3. The method of managing a synthesis pathway for a compound according to claim 2, wherein: the drug synthesis process feeding table is configured to arrange chemical reaction information of each level before and after a drug synthesis process in sequence from top to bottom in each row of the table according to the sequence before and after reaction, and main and auxiliary reactant information, main and auxiliary product information and reaction parameter information of each level of reaction are correspondingly arranged in each cell in the same row.

4. The method for managing a chemical synthesis pathway according to claim 3, wherein the step S2 specifically includes:

5. The method for managing a chemical synthesis pathway according to claim 3 or 4, wherein the step S2 specifically includes:

6. The method for managing a chemical synthesis pathway according to claim 3, wherein the step S2 specifically includes:

7. A system for managing a synthesis pathway of a compound, comprising:

the first reaction creating module is used for acquiring main and auxiliary reactants and information of each reaction parameter input into a cell corresponding to a primary reaction of a drug synthesis process feeding table, calling a compound database to inquire each reaction formula which can be matched, and inputting a main product and a side product of the selected reaction formula into a corresponding product cell of the step, wherein the reaction parameter information comprises a reaction condition parameter and a catalysis condition parameter;

the second reaction creating module is used for acquiring a main product or a byproduct in the previous stage reaction as a reactant of the current stage reaction, inputting the reactant into a reactant cell of the current stage reaction, generating a main byproduct of the current stage reaction according to the selected other reactants and reaction parameter information, and inputting the main byproduct into the product cell of the current stage;

and the path information module is used for acquiring reaction information of each level after the configuration of the process feeding table is completed and generating a compound synthesis path formed by the association of the front and the back of the multi-level chemical reaction.

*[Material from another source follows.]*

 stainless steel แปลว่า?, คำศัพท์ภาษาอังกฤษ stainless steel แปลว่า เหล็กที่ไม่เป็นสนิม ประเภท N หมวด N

8. The management system of a chemical compound synthesis pathway of claim 7, wherein said second reaction creation module comprises:

the main reactant generating module is used for acquiring at least one product information in the previous stage reaction as a main reactant of the current stage reaction and inputting the main reactant into the reactant cell of the current stage reaction;

and the secondary reactant generation module is used for acquiring main reactant information in other recorded reactant cells of the level of reaction after detecting action instructions on the rest of spare reactant cells, searching the compound database according to the main reactant, traversing the compound database to acquire each secondary reactant which can perform chemical reaction with the main reactant, and generating an alternative secondary reactant group corresponding to the spare reactant cells.

9. A management apparatus for a compound synthesis pathway, comprising a memory, a processor, and a computer program stored in the memory and executable on the processor, wherein: the processor, when executing the computer program, realizes the steps of the method according to any of claims 1-6.

10. A computer-readable storage medium storing a computer program, characterized in that: the computer program realizing the steps of the method according to any of claims 1-6 when executed by a processor.